Gettin' Old is the upcoming fourth studio album by American country music singer Luke Combs, scheduled to be released on March 24, 2023, through Columbia Records Nashville and River House Records. It follows less than a year after his third album Growin' Up (2022)—both albums were recorded together and are intended as companion albums. The album includes the promotional singles "Growin' Up and Gettin' Old" and "Love You Anyway". Combs will embark on a world tour the day after the album's release.

Content
Combs recorded Growin' Up and Gettin' Old together, but decided to release them as two separate albums. The title of the first promotional single, "Growin' Up and Gettin' Old" combines the two, and the two cover artworks can also be placed side by side.

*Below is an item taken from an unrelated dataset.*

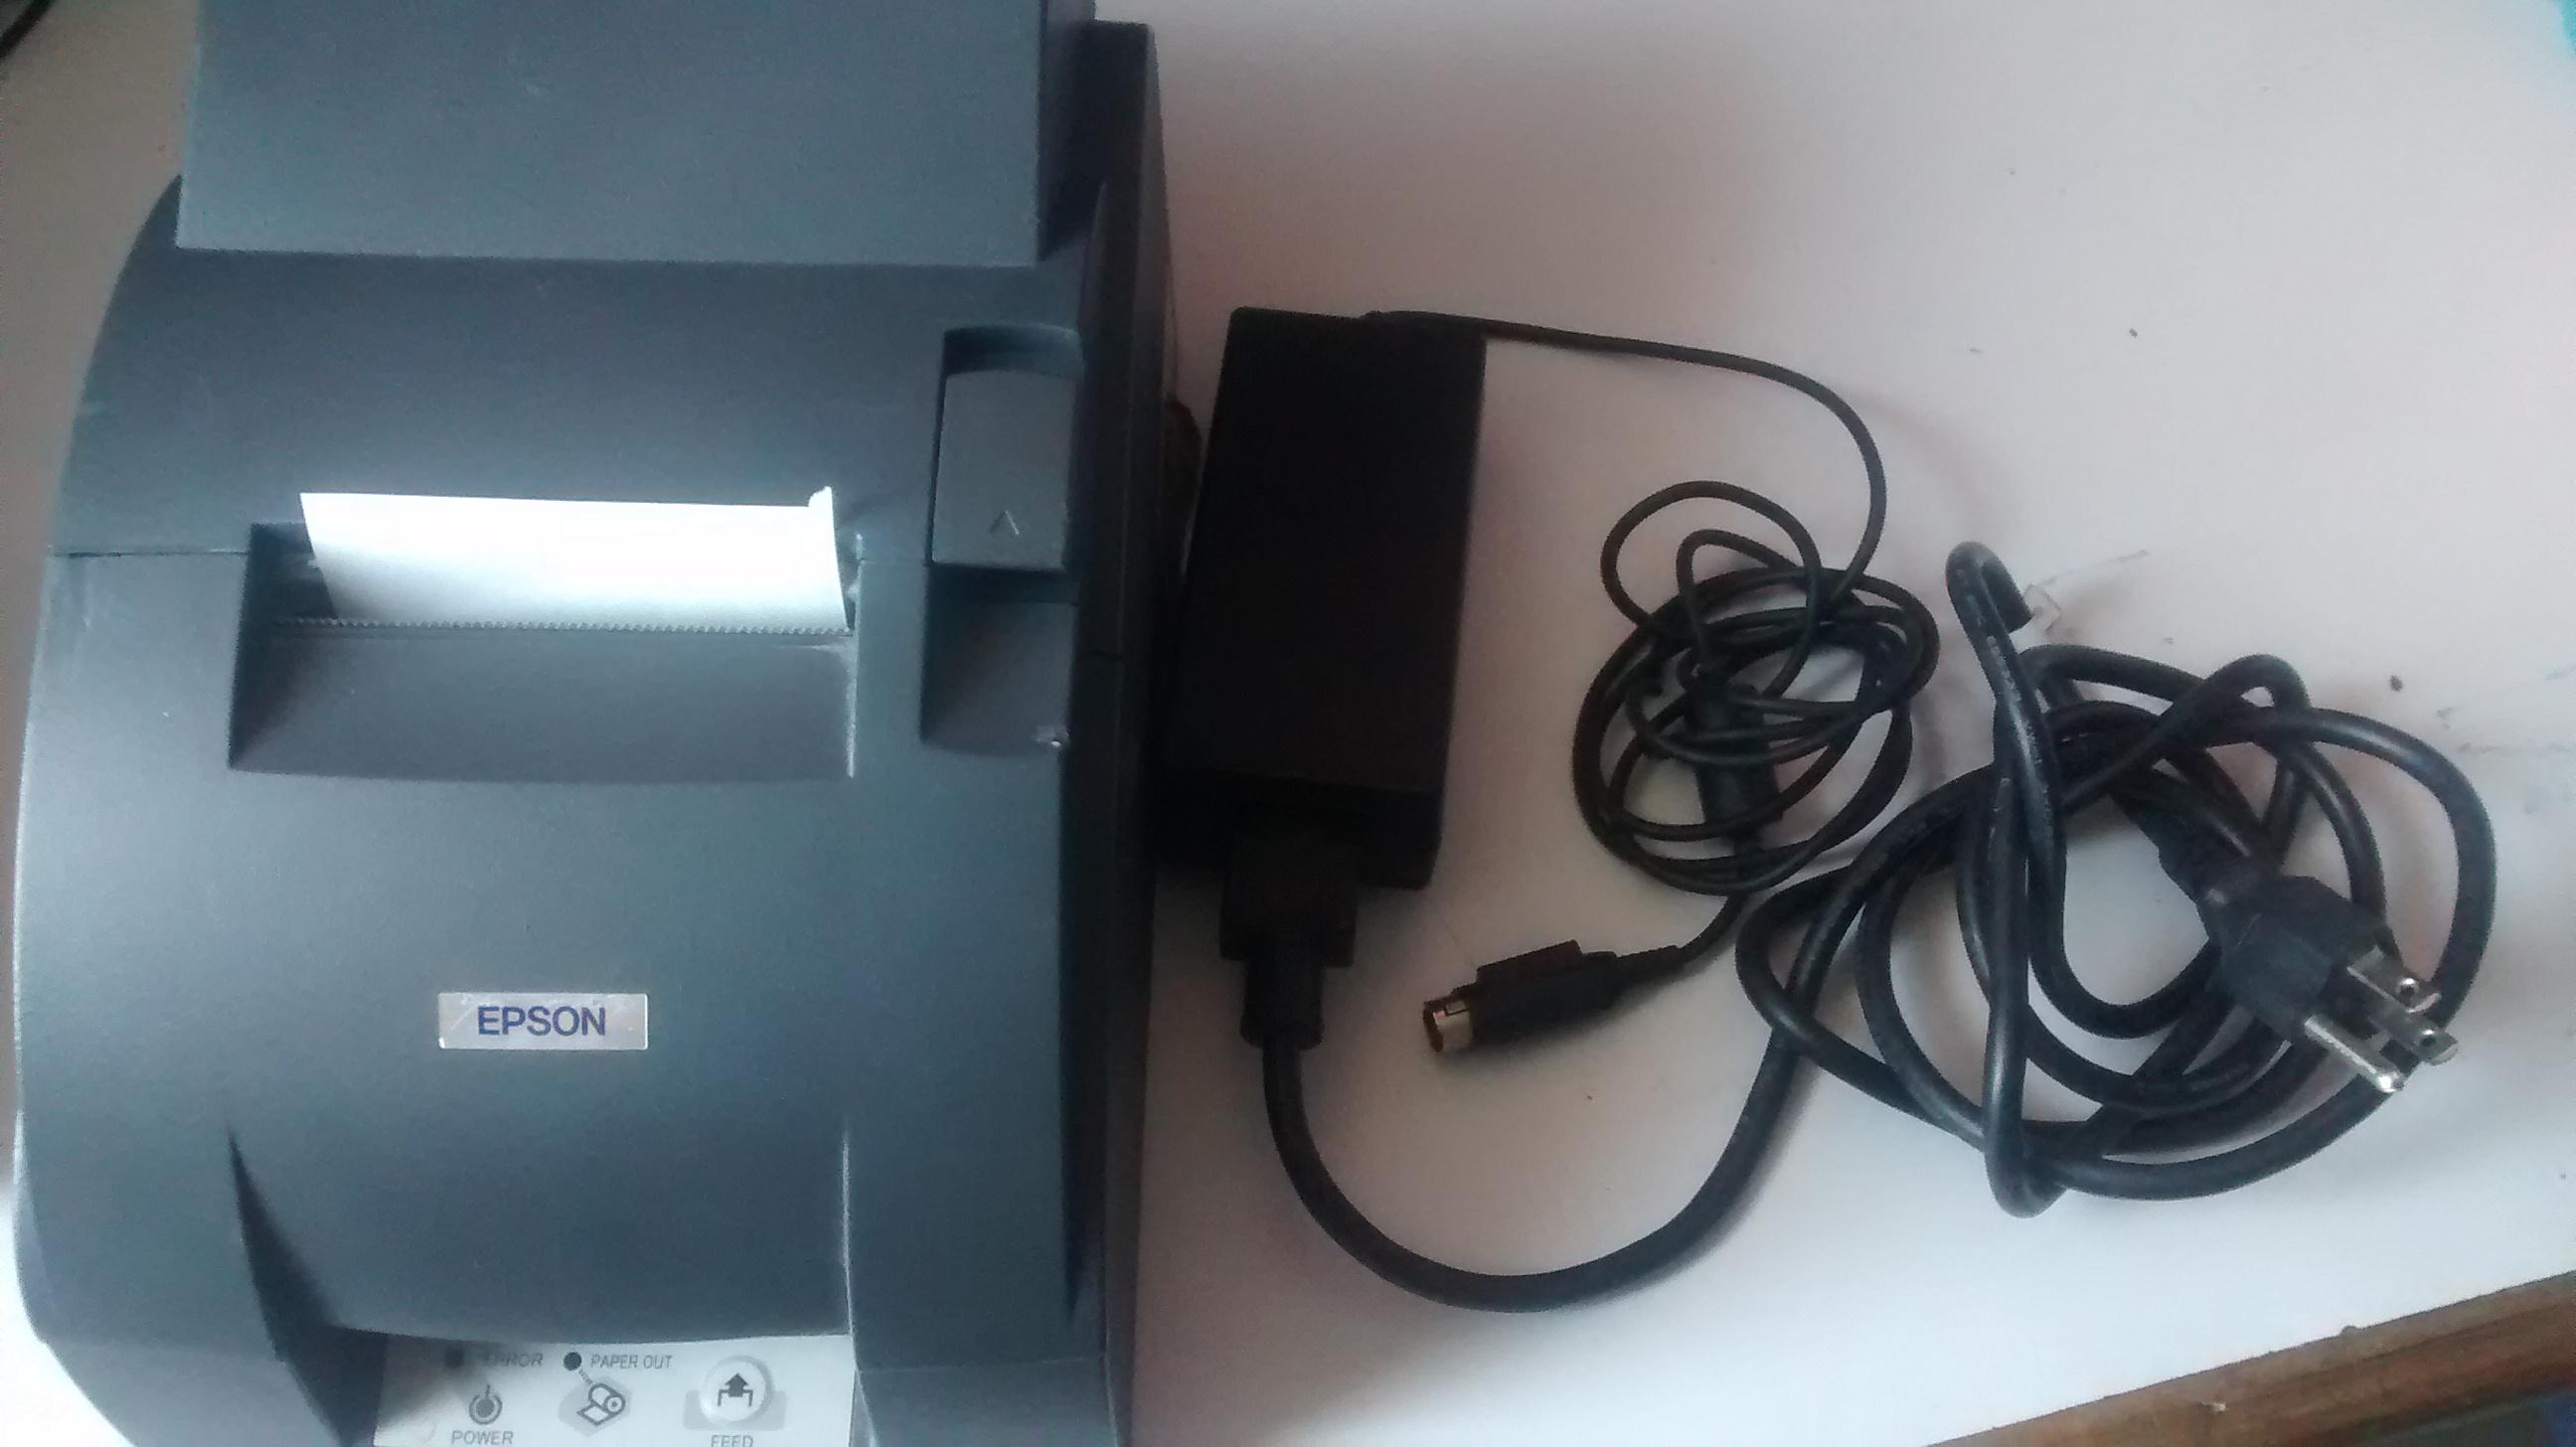 Impresora tmu 220a conexión USB completa

Combs co-wrote 15 of the 18 tracks, and the album also includes a cover of Tracy Chapman's "Fast Car". Like its companion album, Combs co-produced with Chip Matthews and Jonathan Singleton. Combs stated that the album "is about the stage of life I'm in right now. One that I'm sure a lot of us are in, have been through, or will go through", as well as "coming of age", "loving where life is now but at the same time missing how it used to be" and "living in the moment but still wondering how much time you have left".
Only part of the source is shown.